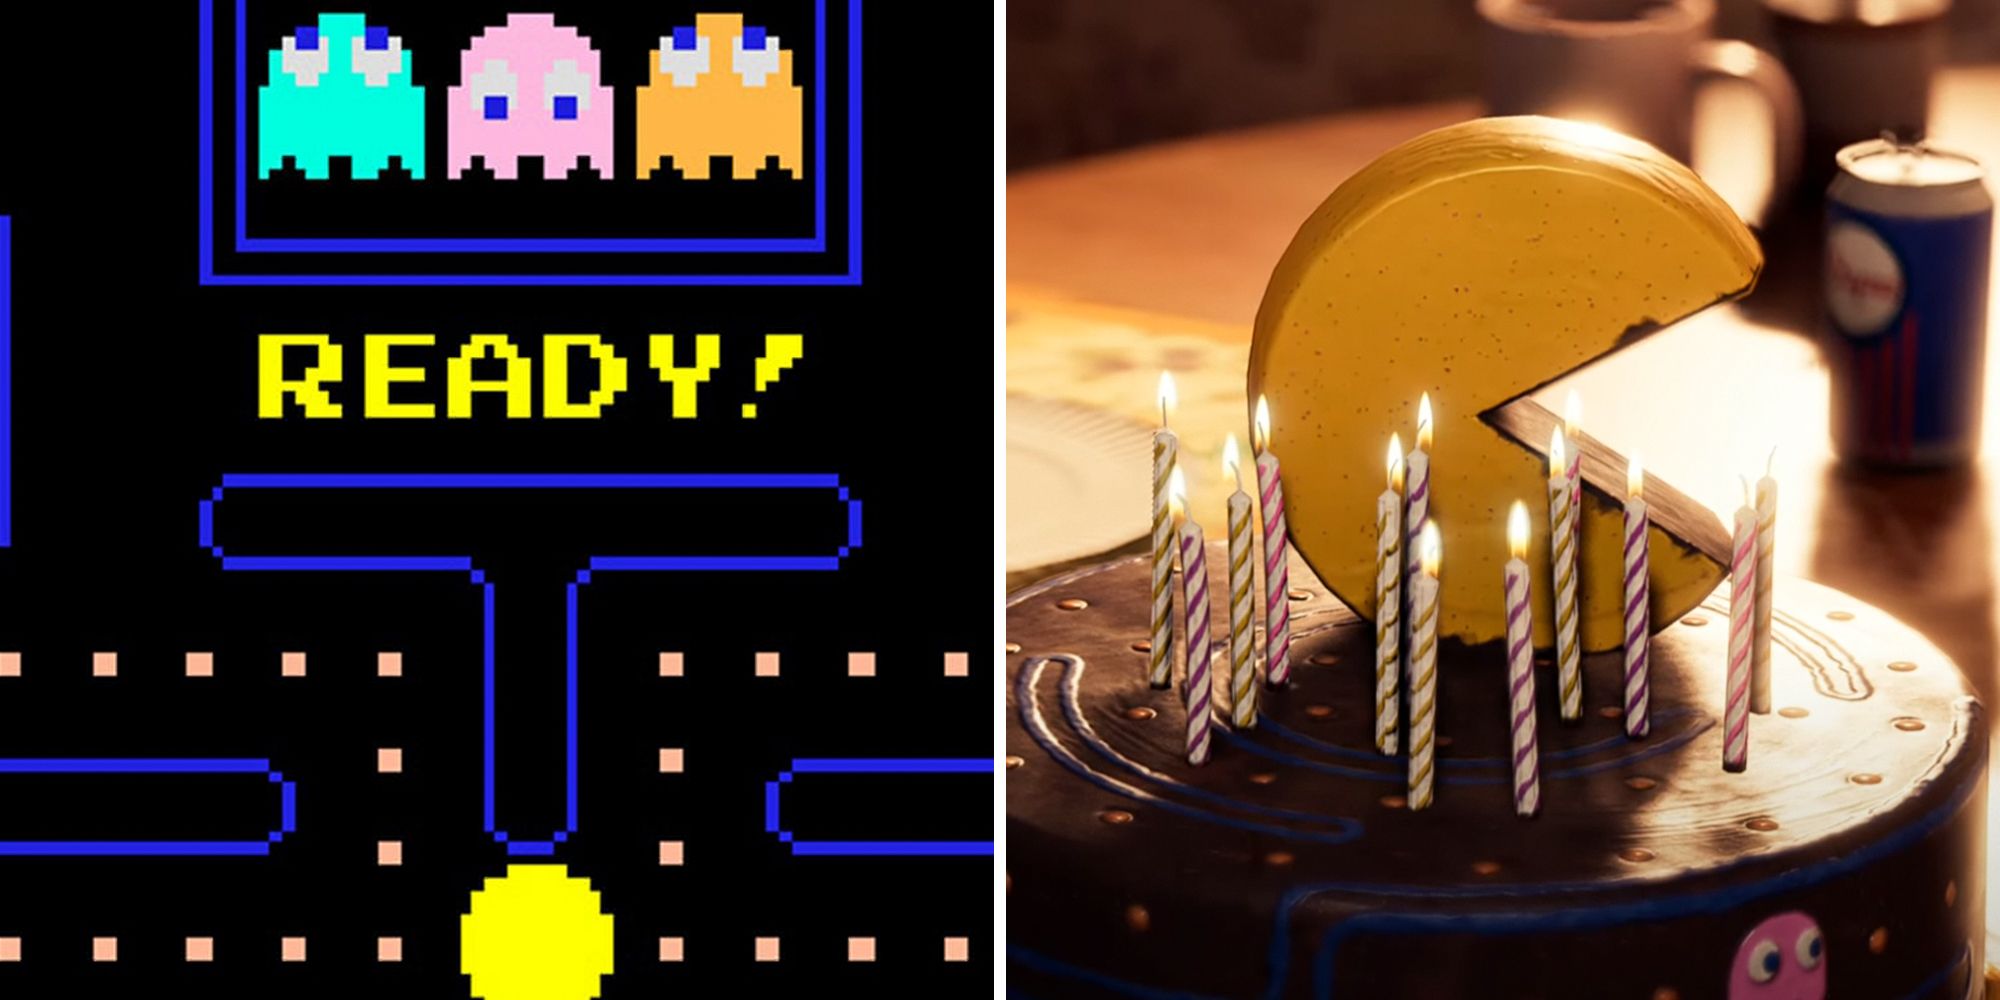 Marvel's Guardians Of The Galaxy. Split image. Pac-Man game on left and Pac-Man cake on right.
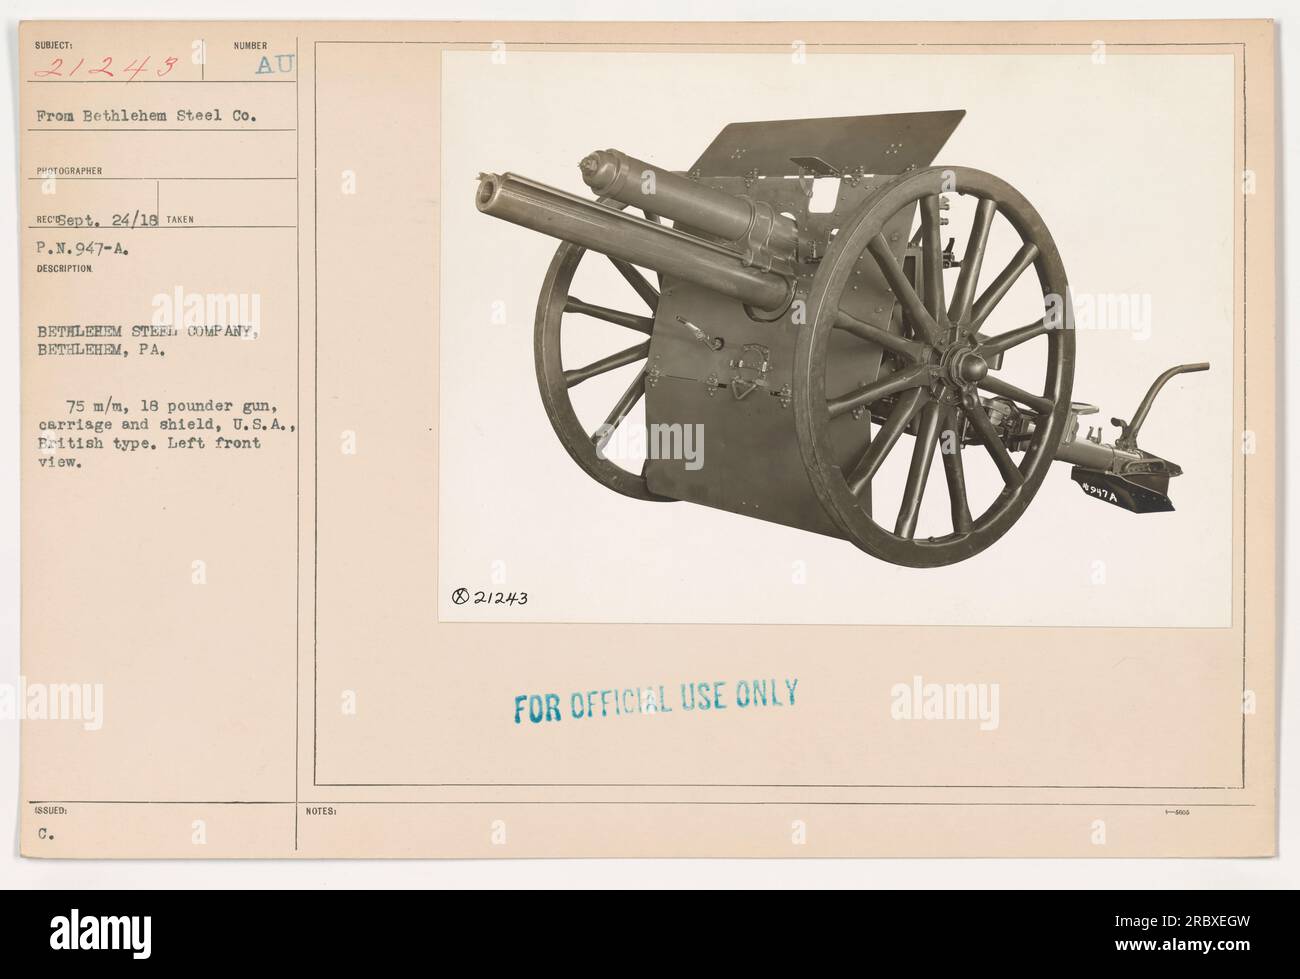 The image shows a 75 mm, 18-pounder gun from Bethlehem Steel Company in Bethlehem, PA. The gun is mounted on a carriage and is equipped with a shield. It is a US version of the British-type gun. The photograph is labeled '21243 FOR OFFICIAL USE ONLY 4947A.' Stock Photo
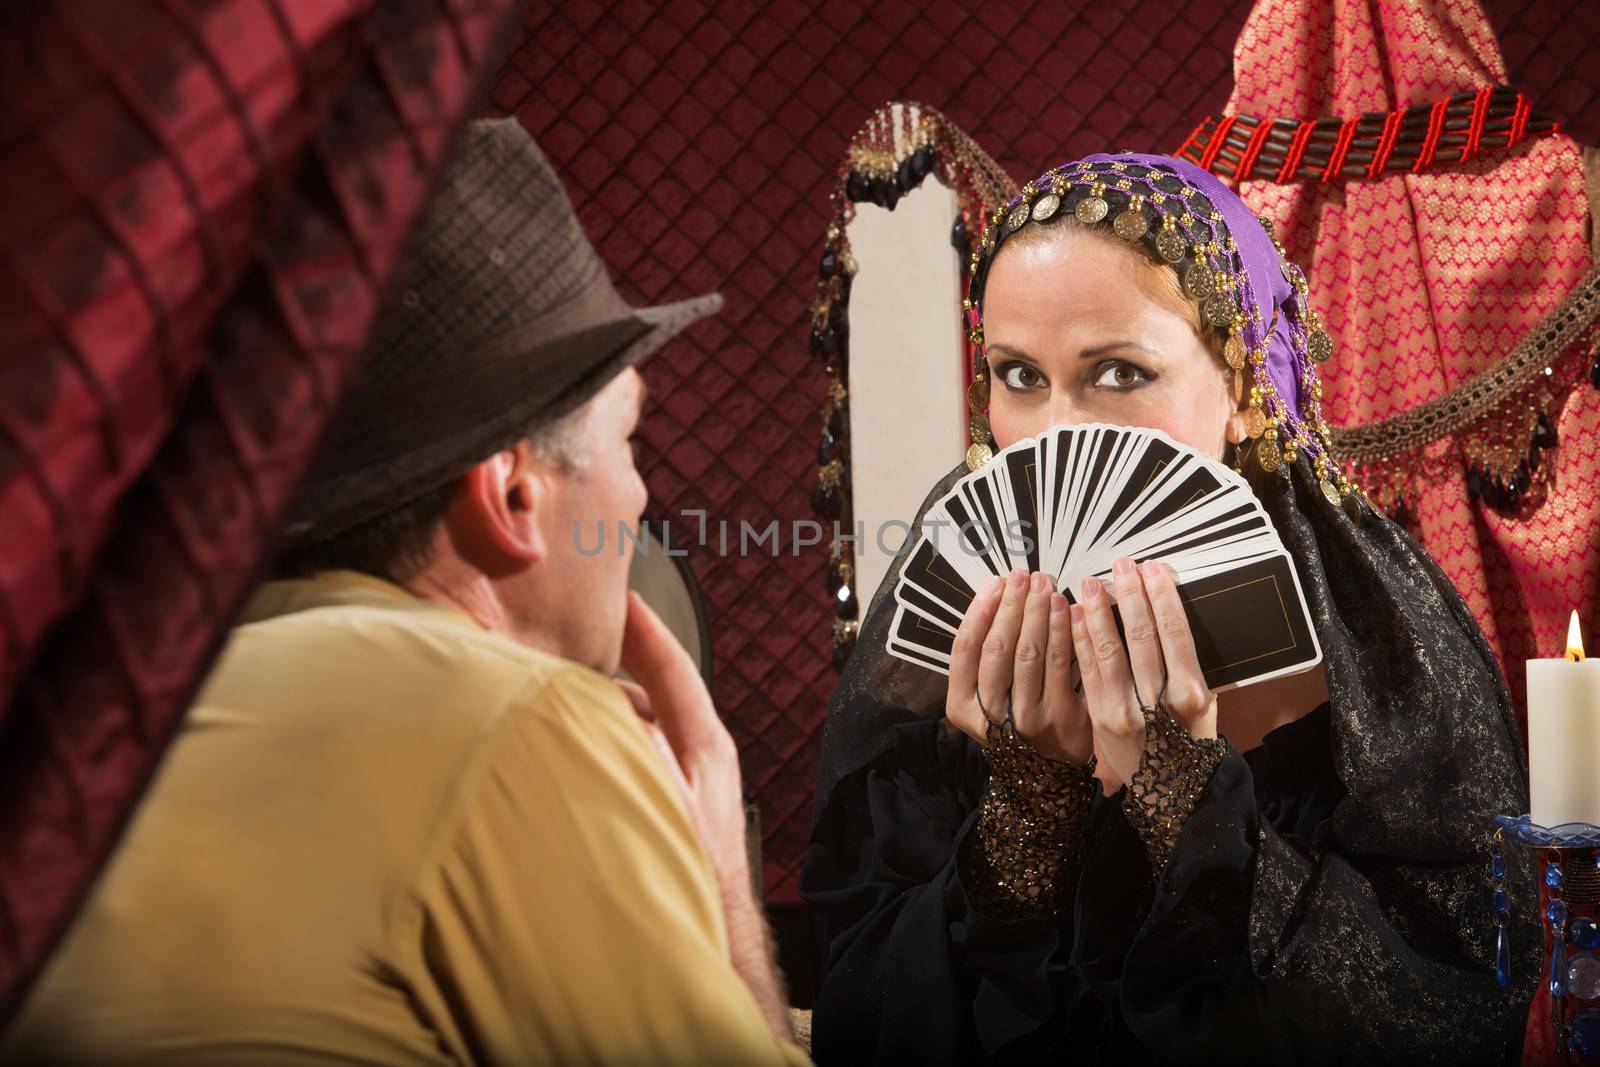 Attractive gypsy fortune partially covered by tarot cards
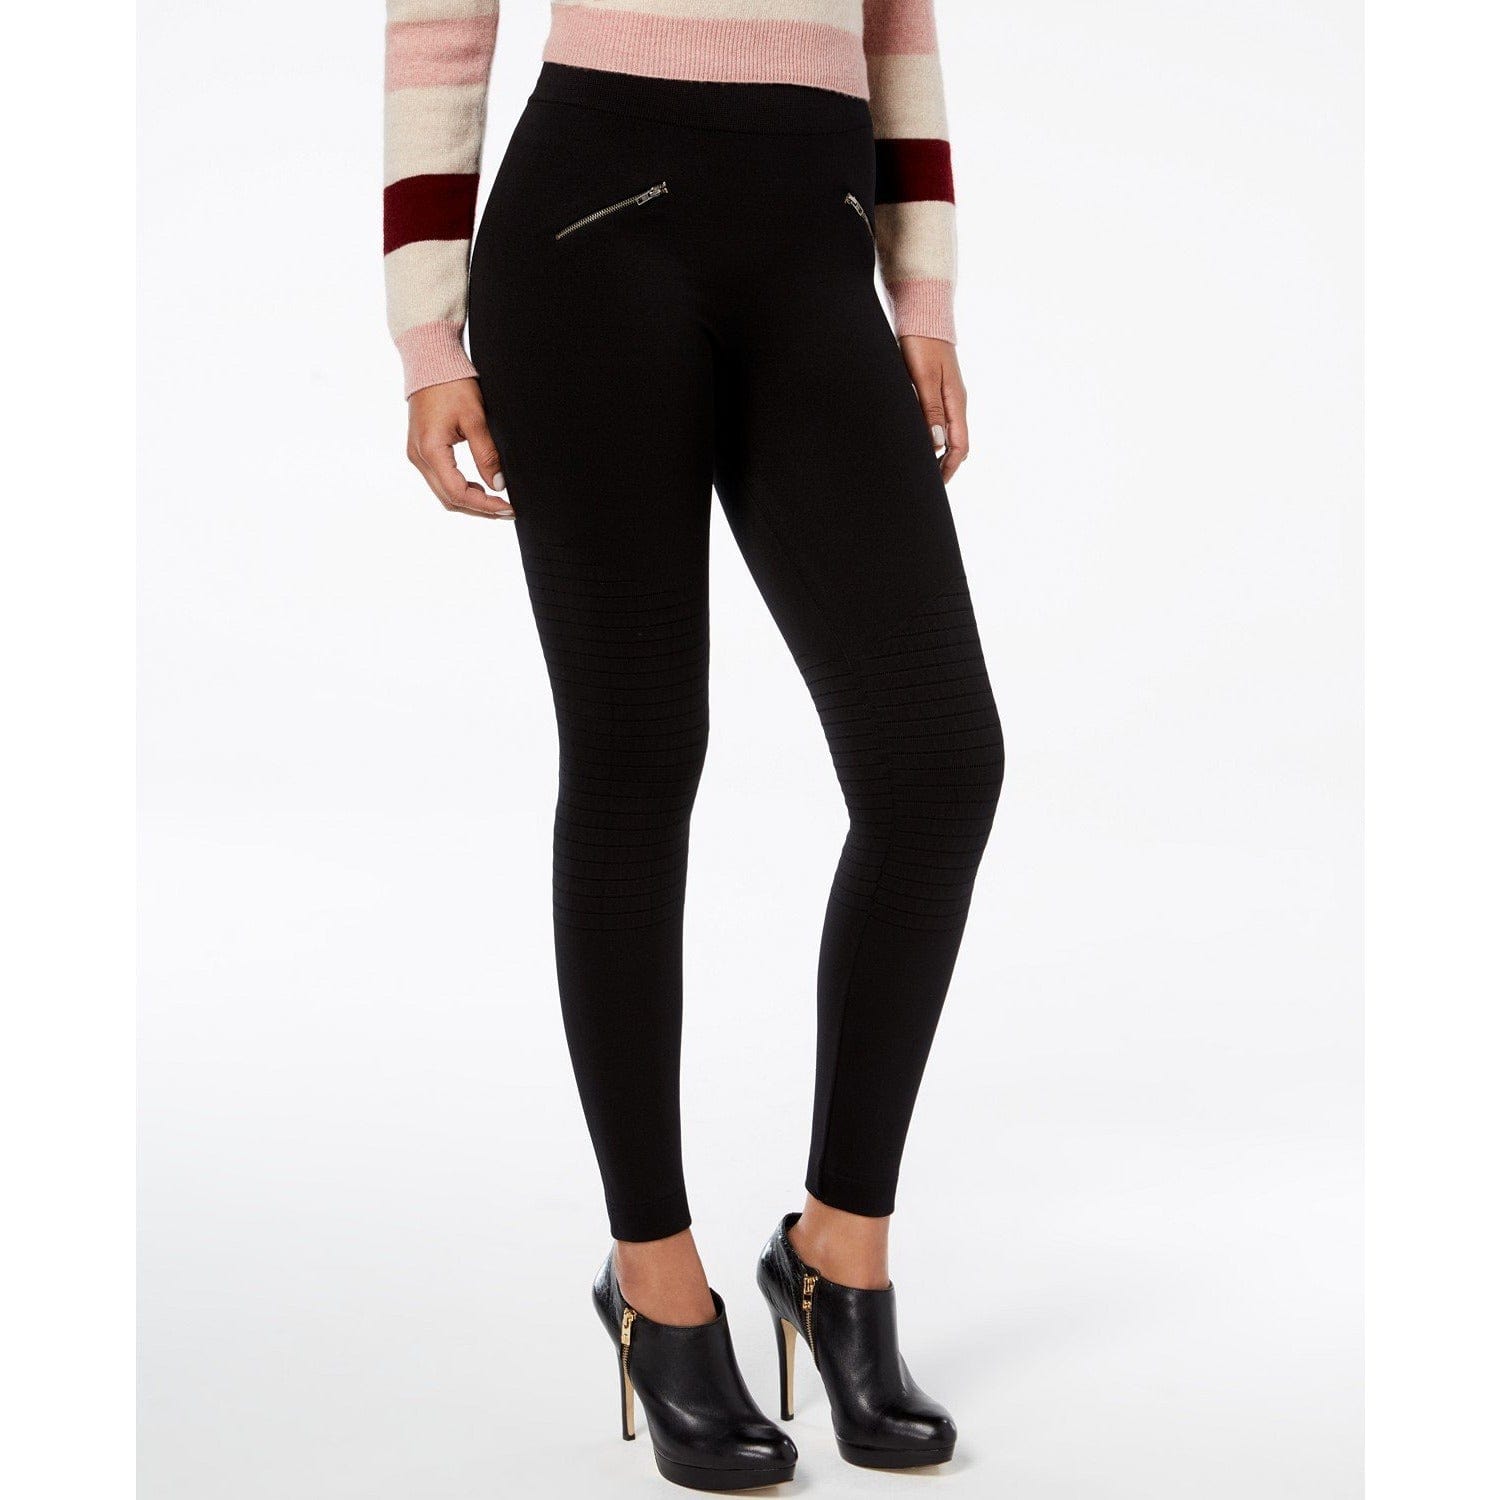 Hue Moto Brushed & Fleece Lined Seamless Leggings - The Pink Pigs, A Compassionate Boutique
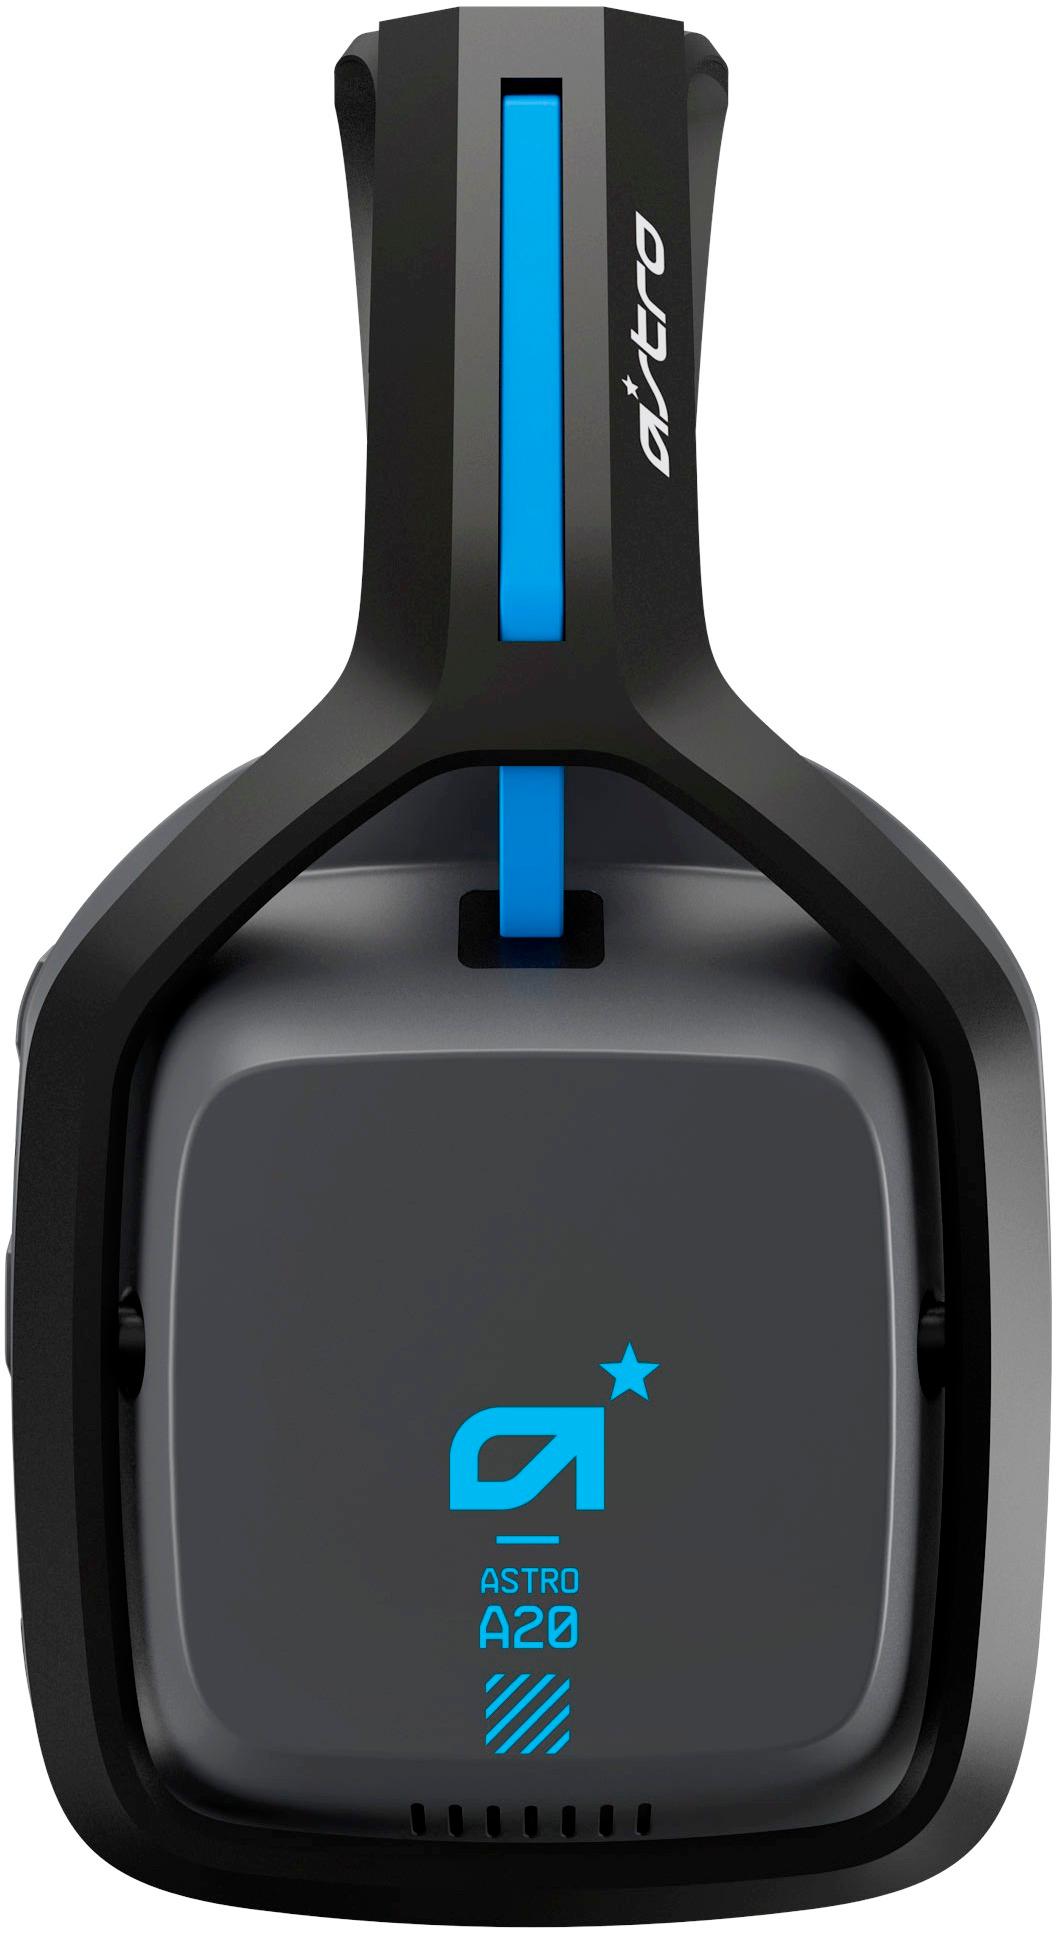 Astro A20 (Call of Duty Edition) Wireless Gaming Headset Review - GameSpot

• PROBLEM TO SOLVE: Each line from the one that holds "Attractive gypsy fortune" through the final line of the data must be retyped exactly; the pictures must not appear.

• RESPONSE TO THIS TASK:
 Attractive gypsy fortune partially covered by tarot cards
 Hue Moto Brushed & Fleece Lined Seamless Leggings - The Pink Pigs, A Compassionate Boutique
 Astro A20 (Call of Duty Edition) Wireless Gaming Headset Review - GameSpot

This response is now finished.